Anti-War Conference, Los Angeles, California, February 26, 1967.

“If we are to have peace on earth, our loyalties must become ecumenical rather than sectional. Our loyalties must transcend our race, our tribe, our class, and our nation; and this means we must develop a world perspective.”
Christmas sermon, Atlanta, Georgia, 1967.

North Wall

“Injustice anywhere is a threat to justice everywhere. We are caught in an inescapable network of mutuality, tied in a single garment of destiny. Whatever affects one directly, affects all indirectly.”
Letter from Birmingham, Alabama jail, April 16, 1963.

“I have the audacity to believe that peoples everywhere can have three meals a day for their bodies, education and culture for their minds, and dignity, equality, and freedom for their spirits.”
Nobel Peace Prize acceptance speech, Oslo, Norway, 1964

“It is not enough to say ‘We must not wage war.’ It is necessary to love peace and sacrifice for it. We must concentrate not merely on the negative expulsion of war, but the positive affirmation of peace.”
Anti-War Conference, Los Angeles, California, February 25, 1967.

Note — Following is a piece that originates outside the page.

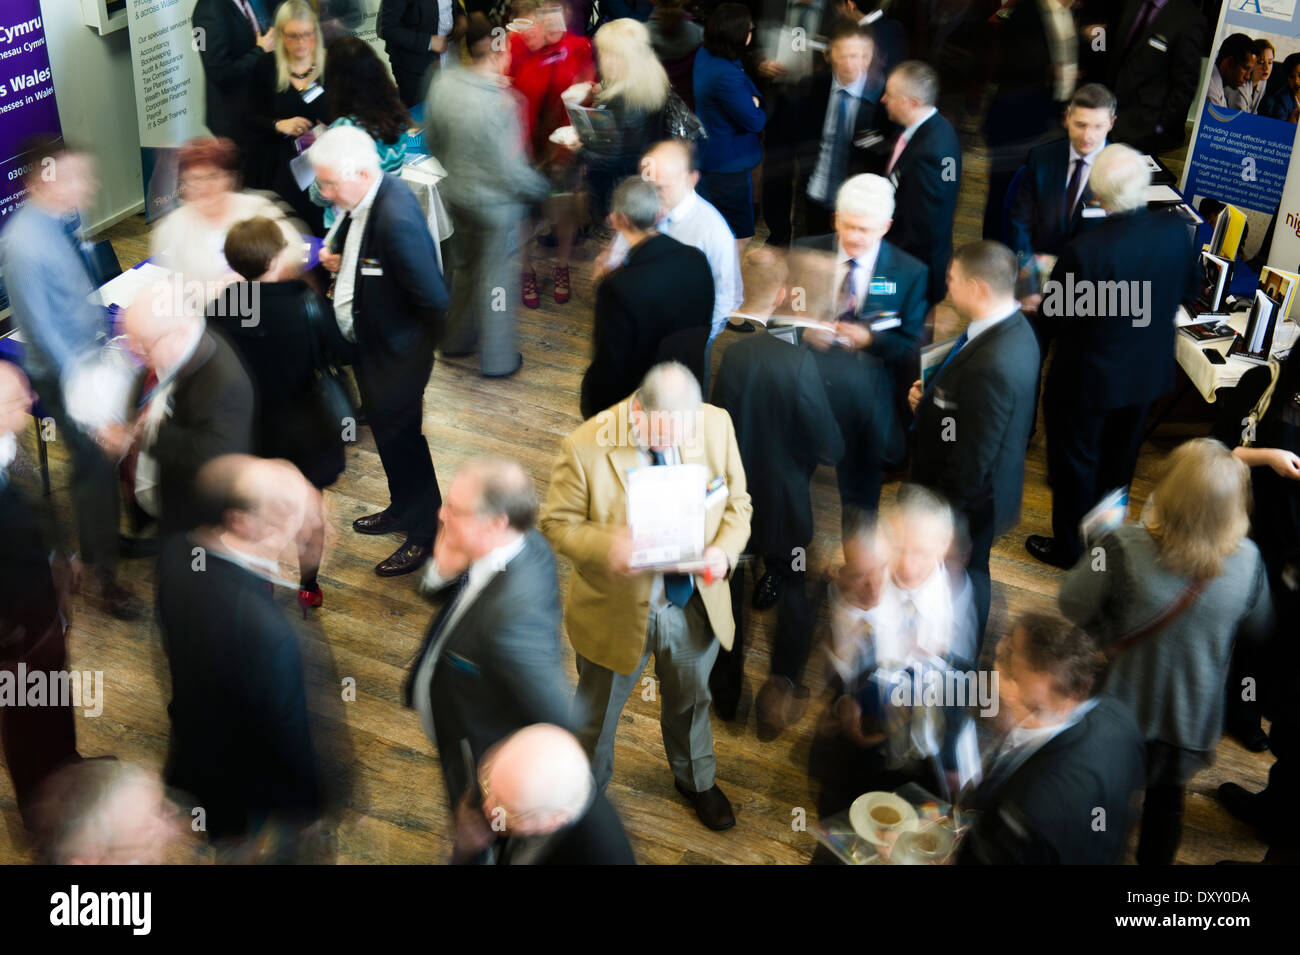 Overhead view of businessmen and women talking informally during coffee break at a networking conference event UK -  slow shutter speed motion blur blurred figures Stock Photo
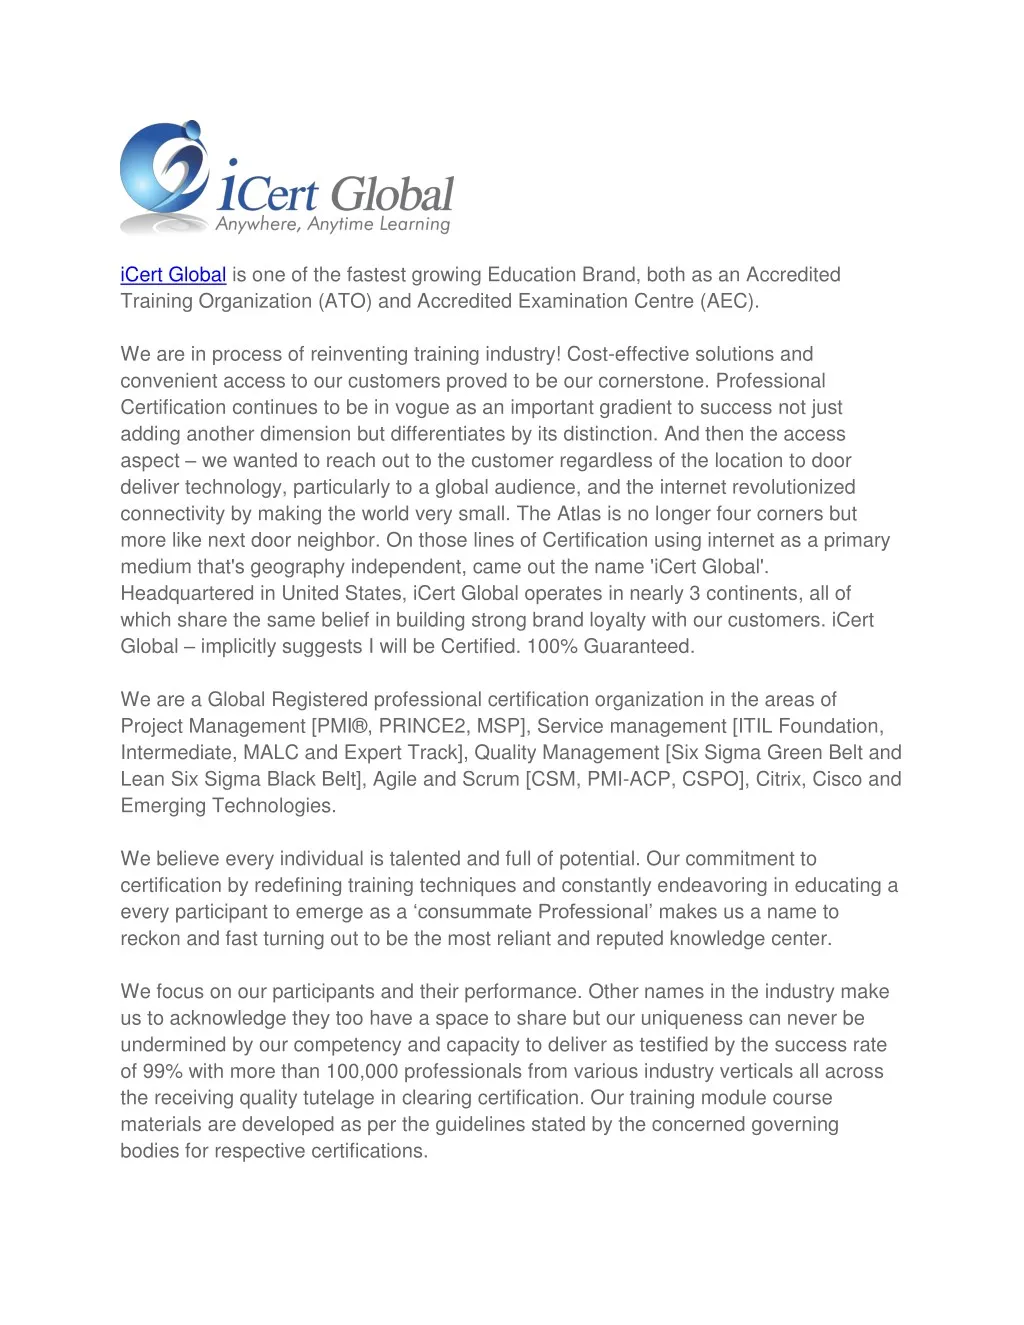 icert global is one of the fastest growing

“The ultimate measure of a man is not where he stands in moments of comfort and convenience, but where he stands at times of challenge and controversy.”
Strength to Love, 1963.

“Every nation must now develop an overriding loyalty to mankind as a whole in order to preserve the best in their individual societies.”
New York City, April 4, 1967.

“We are determined here in Montgomery to work and fight until justice runs

 ‘down like water, and righteousness like a mighty stream.'”
Montgomery, Alabama, December 5, 1955. Here, King borrows a verse from the Bible, the Book

of Amos, which he frequently reused in speeches.

“We must come to see that the end we seek is a society at peace with itself, a society that can live with its conscience.”

Montgomery, Alabama, March 25, 1965.

“True peace is not merely the absence of tension; it is the presence of justice.”Stride Toward Freedom, 1958

Martin Luther King Jr. was a great leader for the short time he lived. His profound words will stay with us forever.

It was an honorable and inspiring day to walk in these monuments and read the words of our great leaders.

I highly recommended to visit the capitol of USA and visit the memorials of our past leaders.